I think most of us that have been on here awhile certainly know we can't demand things from our H until the right time. Then it has to be done with care.
T2, I'm in that process you spoke of. I'm getting to that place where I'm getting stronger and not quite so "needy."
I'm determined to turn my M around, but I'm tired, and its time to start taking care of Rachael too.
I said on my thread that I want and need peace.
It's been two yrs of total hell for me. Suicide thoughts, missing work, aniety TOTALLY out of control, panic attacks, my health basically went to hell from all the stress. I've almost got that back thank goodness, but it's been a long uphill climb for every little thing I've gained. I will have to fight anxiety for maybe the rest of my life.
Somewhere, somehow, I'm starting to build confidence that I'm going to be ok.(((((WOW)))))) I'm still afraid, but not every single minute of every single day like I was.
Being alone does not terrify me like it did.
I still don't much care for it, but I guess ya learn to live with it.
Point is to DBer's reading this is: THIS IS A PROCESS!!! You will not do everything right no matter how determined you are. It will take you a long time to forgive and you'll never forget it. It will feel hopeless, but it's not.
There will be so many ups and downs you'll feel dizzy from it. Set your mind on your goal and keep striving to reach it no matter what happens.
We all have to go through it. There's no way around it.
This is by far the hardest thing I've ever had to do, and the most painful as well.
I see a little light at the end of this LONG tunnel. It drives me to keep going.

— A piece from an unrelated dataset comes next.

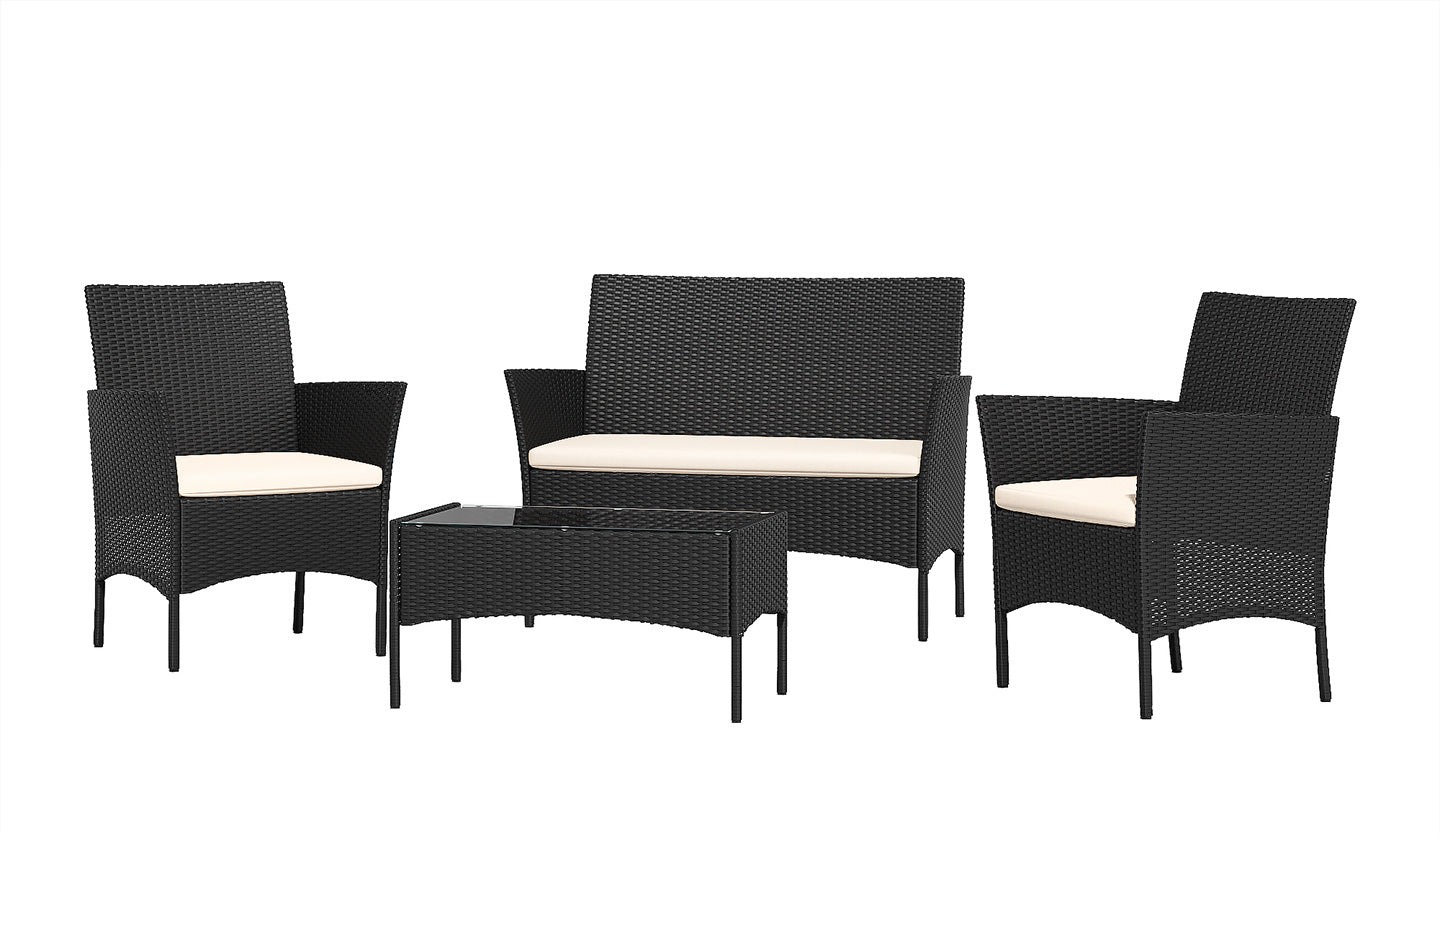 Set di mobili da giardino in rattan a 4 posti con 2 sedie singole, 1 divano doppio e 1 tavolo

Some day I believe I'll be where you are T2, because I can see the baby steps we're taking. I also know the power of my determination, and unless he just flat leaves me, (I think he would have done that by now) I have to believe we'll get through this.
I've got alot of people on here to thank for thier support.
We hold each other up-this is a powerful support network.
To those starting the process-you will have to ultimately have to fine what works for you and your M, but LISTEN to the people on this bb. SO many times I didn't and I would probably be alot further along if I had.